Глава XI Родственная любовь<h5>(Продолжение повести Никандровой)
Чрез несколько дней телесная болезнь его миновалась, но душевная нимало. Он был беспрестанно пасмурен, с дикостию обращал по сторонам взоры; а когда они встречались с моими, то он краснел от стыда. Скука и уныние водворились в нашем мирном обиталище. Г-н Горланиус не только не заглядывал к нам, но не писал ни одной строчки. Конечно, ему совестно было, что, быв таким славным ученым, он был такой дурной отец. Анисья никуда не выходила; ибо, как мы узнали стороною, Горланиус в первом жару справедливого гнева прибил ее до полусмерти восемьдесят девятым томом энциклопедии, изданной Парижскою академиею в александрийский лист. Никогда энциклопедия не приносила большей пользы, как теперь, заставив беспутное творение по крайней мере пробыть в доме с месяц. Анисья не могла шевельнуть свободно ни одним членом, и все волосы были выщипаны. Конечно, Горланиус искал в затылке ее души, согласно с последним трактатом Трис-мегалоса. Мы также с своей стороны не хотели ни о чем осведомляться.
Пришед в одно утро в его кабинет, я немало удивился. В лежанке пылал огонь, а Трис-мегалос сидел на стуле и спокойно кидал в печь по тетради исписанной бумаги. Кучи лежали на полу подле него. Увидя меня, он улыбнулся и сказал:
– Сын мой! Пора оставить дурачества, какого бы рода они ни были. Вот я делаю тебе пример, и ты увидишь, что я отказываюсь от всякой любви, кроме одной. Всякая любовь, к чему б то ни было, каков бы ни был предмет ее, если она выходит из меры, есть непростительное дурачество. Однако человек с тем родится на свет, чтоб быть рабом и игрушкою многоразличных глупостей. Любил я страстно метафизику и беспрестанно заблуждался; любил до безумия славянский язык и был для всех смешон; любил Анисью и стал сам себе противен!
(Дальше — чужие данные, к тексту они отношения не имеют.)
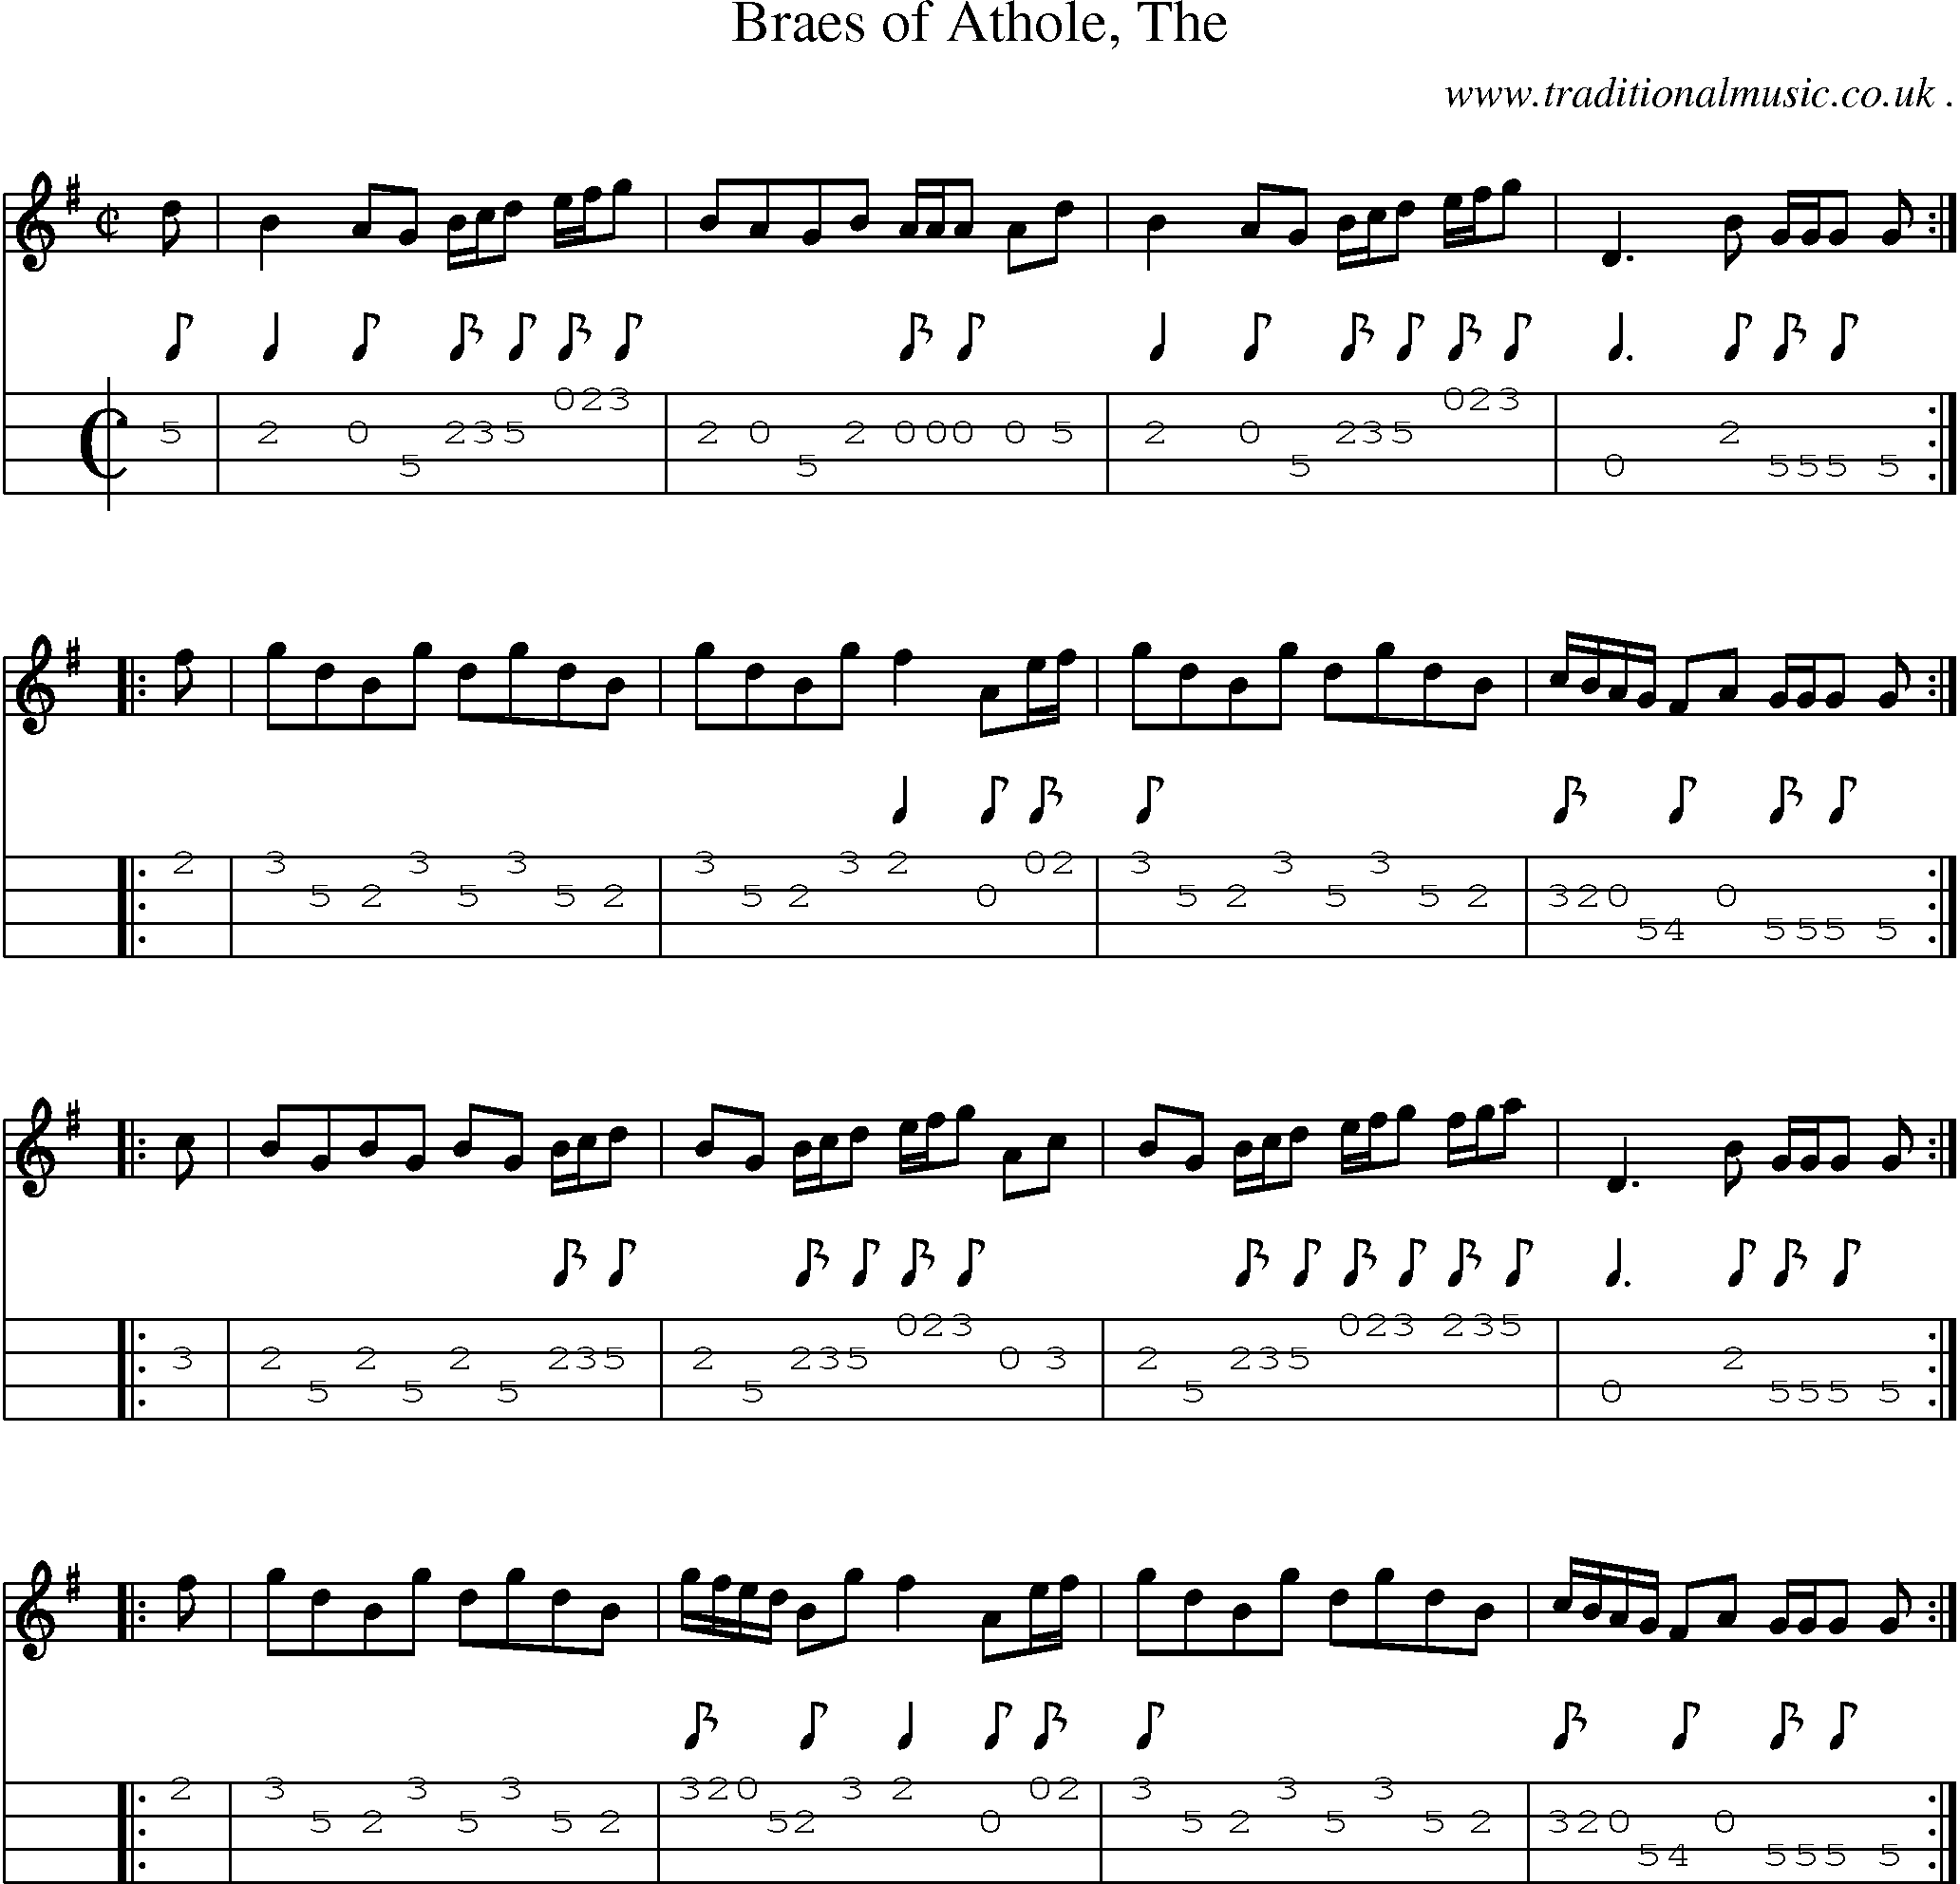 Sheet-music  score, Chords and Mandolin Tabs for Braes Of Athole The

Я любил пунш, и он один не сделал мне видимого зла; а потому я намерен теперь обратить к нему одному всю нежность мою и горячность; что ж касается до прочего, пропади всё! Анисью душевно презираю; славянским языком не скажу ни слова; о метафизике и думать не хочу; трактаты мои о душе во лбу и затылке, равно как и метафизическая комедия, давно обращены в пепел; а теперь смотри: вот рассуждение о душах животных, где доказано, что они иногда умнее и человеческих, да только смертны; вот другое – о занятии верховного существа до создания мира; а это, в трех томах, о будущих занятиях его по разрушении оного.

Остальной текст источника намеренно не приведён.